Abortion and the cognitively impaired mother

It will be interesting to watch the reception of a recent Court of Protection case, as yet unreported, in which a woman with profound learning difficulties was found to have capacity to decide not to terminate her pregnancy.

As so often, the case decided nothing new. But it is a timely reminder of the trite but often overlooked principle that capacity is not an all or nothing thing. The question: ‘Does she have capacity?’ is always dangerously incomplete. The correct question is always ‘Does she have capacity to decide X?’

There was no doubt that she did not have capacity to manage many aspects of her affairs. She was in the bottom 1% of the population so far as intellectual function was concerned. Deputies were appropriately appointed. But, so far as the continuation of her pregnancy was concerned, so what?

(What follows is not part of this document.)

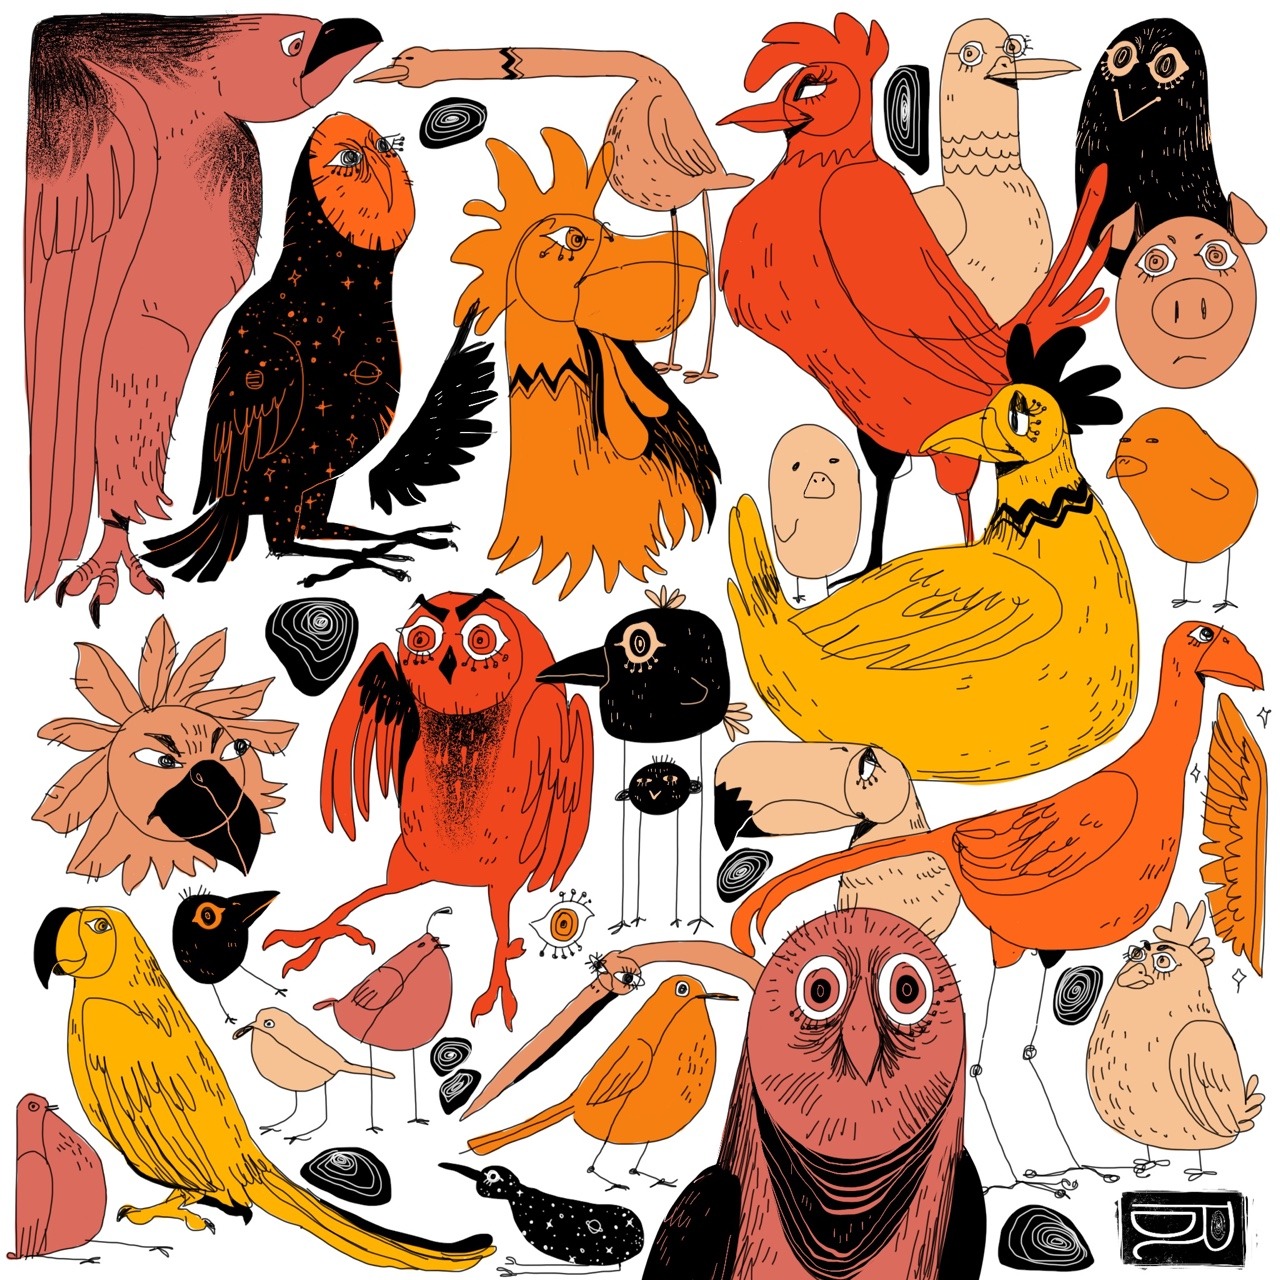 Sketchbook: various birds and one pig

It was decided as a matter of fact that she had capacity to decide whether or not to continue with, or to terminate, the pregnancy. And that meant that the Court of Protection had no jurisdiction to decide the matter. No best interests determination could lawfully be made.

In fact, said the court, the evidence from experts and the family was to the effect that continuation of the pregnancy would be in her best interests, but that, of course, was wholly academic. The way it is often put is that someone with capacity can lawfully make a decision in relation to their own life which is contrary to her ‘objective’ best interests. I’d prefer to say (since autonomy is an essential element of best interests, rather than something divorced from them) that the decision of a capacitous adult is definitive of her best interests.

The evidence about capacity seems to have been clear. And yet, since the judge, Hedley J, is Christian, some will no doubt mutter that his decision was motivated by a distaste for abortion. I have no idea of his personal view on abortion, but such mutterings would be very unfair. As well as being unfair on the facts of the case, the judge has a track record of impeccable objectivity.

But anyway, shouldn’t everyone have some sort of distaste for abortion? It’s no part of the responsible pro-choice case that abortions should be done blithely. We can discuss whether or not abortion is an evil, and, if it is, the metaphysical language in which to describe the evil, and, if it is an evil, whether or not it is a necessary evil. But no one serious pretends that having an abortion is like having a cup of tea.

Maternal autonomy is rightly at the centre of pro-choice arguments. No respecter of autonomy would like to think of this woman being forcibly anaesthetized and her pregnancy being terminated. If she really didn’t have the cognitive hardware necessary to understand what was at stake in pregnancy, and there were good evidence that continuation of pregnancy would not be in her best interests, then (subject to arguments about the Article 2 rights of the fetus), that might be different. But the physical and psychiatric insults necessarily involved in the forcible termination of pregnancy would not be easily outweighed by the insults necessarily involved in bringing the pregnancy to term.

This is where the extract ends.